Para começar: parabéns. É o primeiro homem que leio a reconhecer que não gosta de conduzir e detesta o desporto automóvel. De uma forma geral são afirmações femininas. Digo eu que sou assumida aselha na condução e para quem arrumar carros é uma chatice por falta de percepção das distâncias (a marcha atrás não me faz assim tanta diferença).

São mortes estúpidas essas. E não acredite, nenhum jovem encasqueta que pode MESMO morrer numa prova dessas. A juventude dá uma confiança semelhante ao álcool: faz-nos sentir poderosos e tão pletóricos de vida que a morte só pode acontecer aos outros.

5 de junho de 2016 às 00:03  
Blogger José Batista said...

Olá, Bea.
Não são raros homens que não gostam de conduzir, pelo menos em certas fases da vida. Pela minha parte, sempre que algum dos meus filhos viaja no meu carro, de bom gosto lhes entrego a roda (o volante...). E, relativamente ao que chamam o desporto automóvel, se não estou em erro, um dia li um artigo de Miguel Sousa Tavares em que se interrogava porque é que os bólides da fórmula um não corriam sozinhos, sem condutor, por comando à distância. Quanto a mim, um dia levei os meus filhos, crianças ainda, para vermos a rampa da Falperra (Braga). Tal era o ruído que nem eles nem eu estávamos a gostar. E quando uma das máquinas saiu da estrada e voou de encontro a uma árvore, matando uma ou duas pessoas na queda, acabou, para mim, e suponho que para eles, o "desporto" automóvel.
E lembro-me de, um dia, nos meus saudosos tempos de Coimbra, discutir com um amigo, apaixonado pelos motores, um outro aspecto que sempre me impressionou: o gasto em combustível, em mecânicos e o custo em poluição, comparados com a miséria das populações por onde os veículos passavam.
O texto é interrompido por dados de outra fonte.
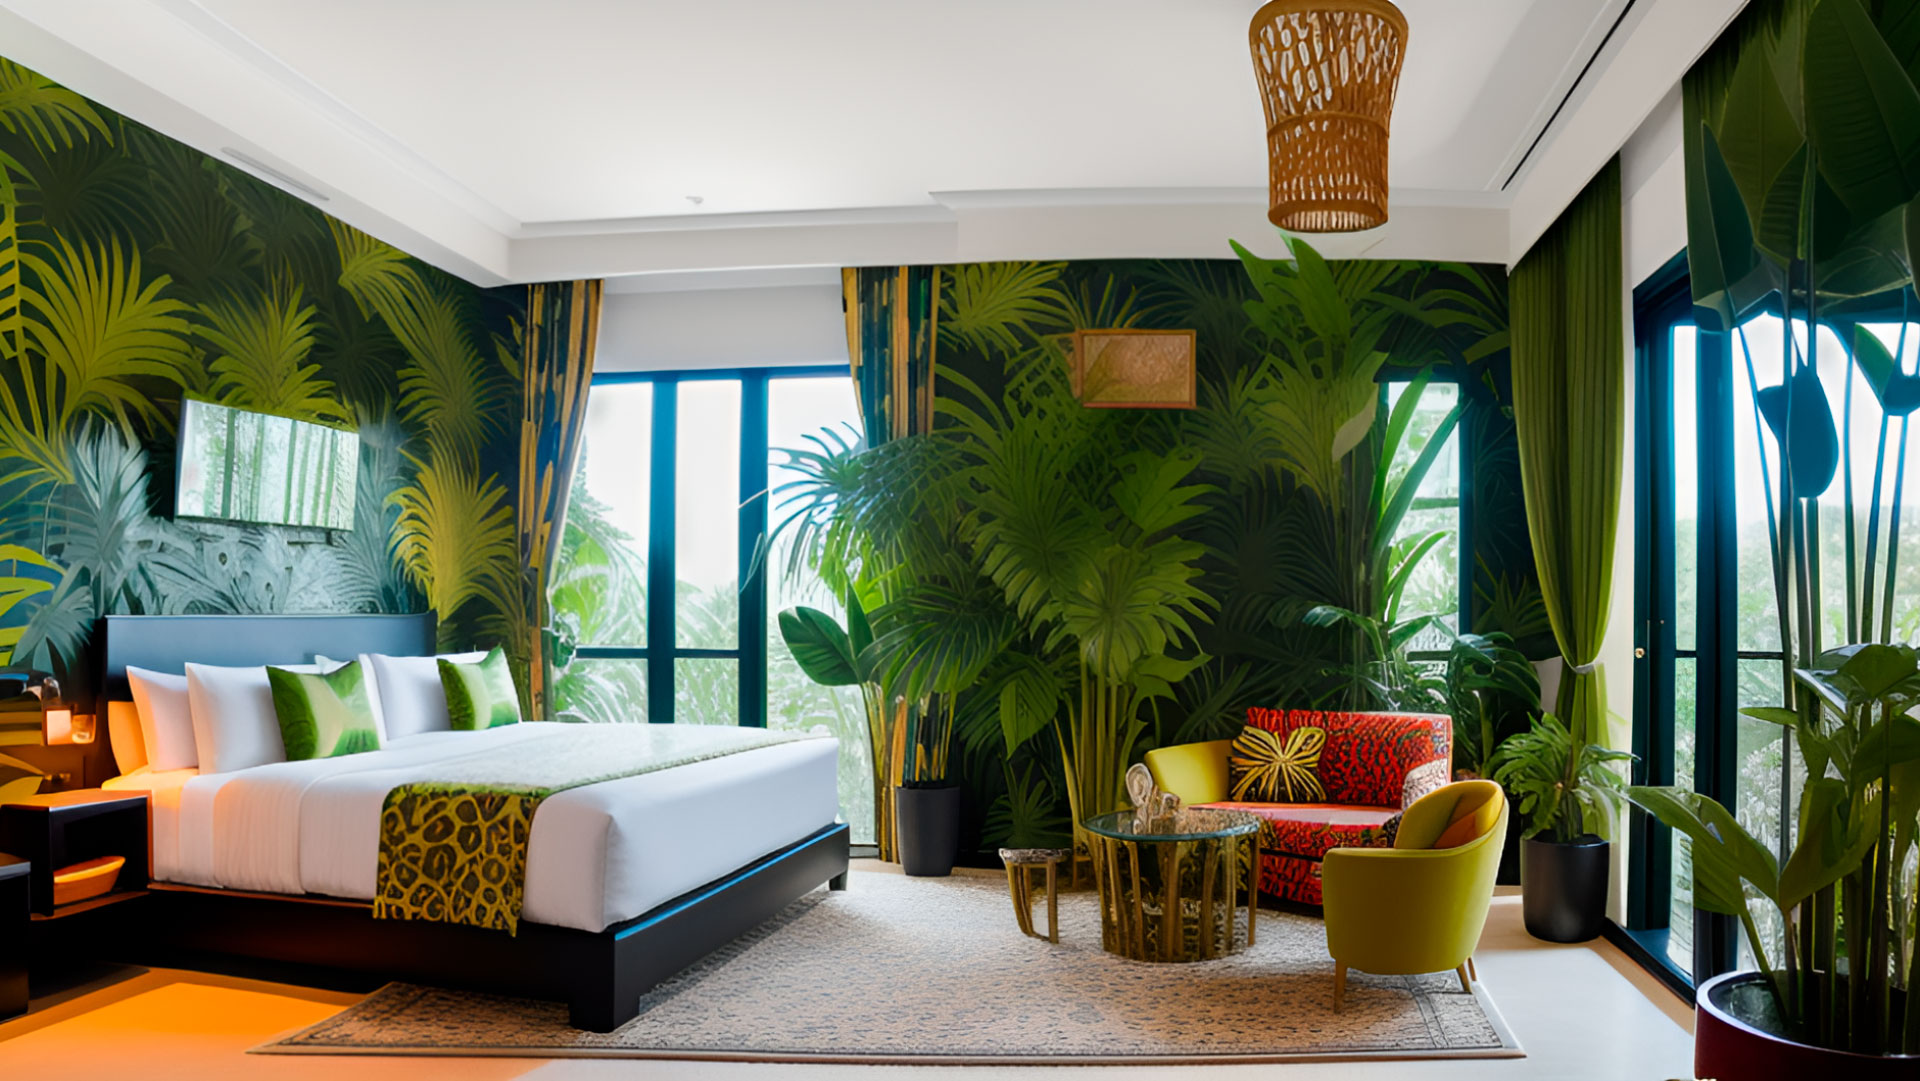 Interior design: a jungle hotel room

Argumentava o meu amigo que esses testes eram importantes também para se fazerem carros cada vez melhores. E nunca o meu amigo diminuiu a sua paixão nem eu passei a achar-lhe atractivos dignos de nota.
Quanto à sua análise sobre a juventude, ela é absolutamente certeira.
E o artigo de Antunes Ferreira é muito significativo por vir de um homem, sim senhor. Porque se fora de uma mulher, admito que não faltassem sorrisos (machistas) de "condescendência"...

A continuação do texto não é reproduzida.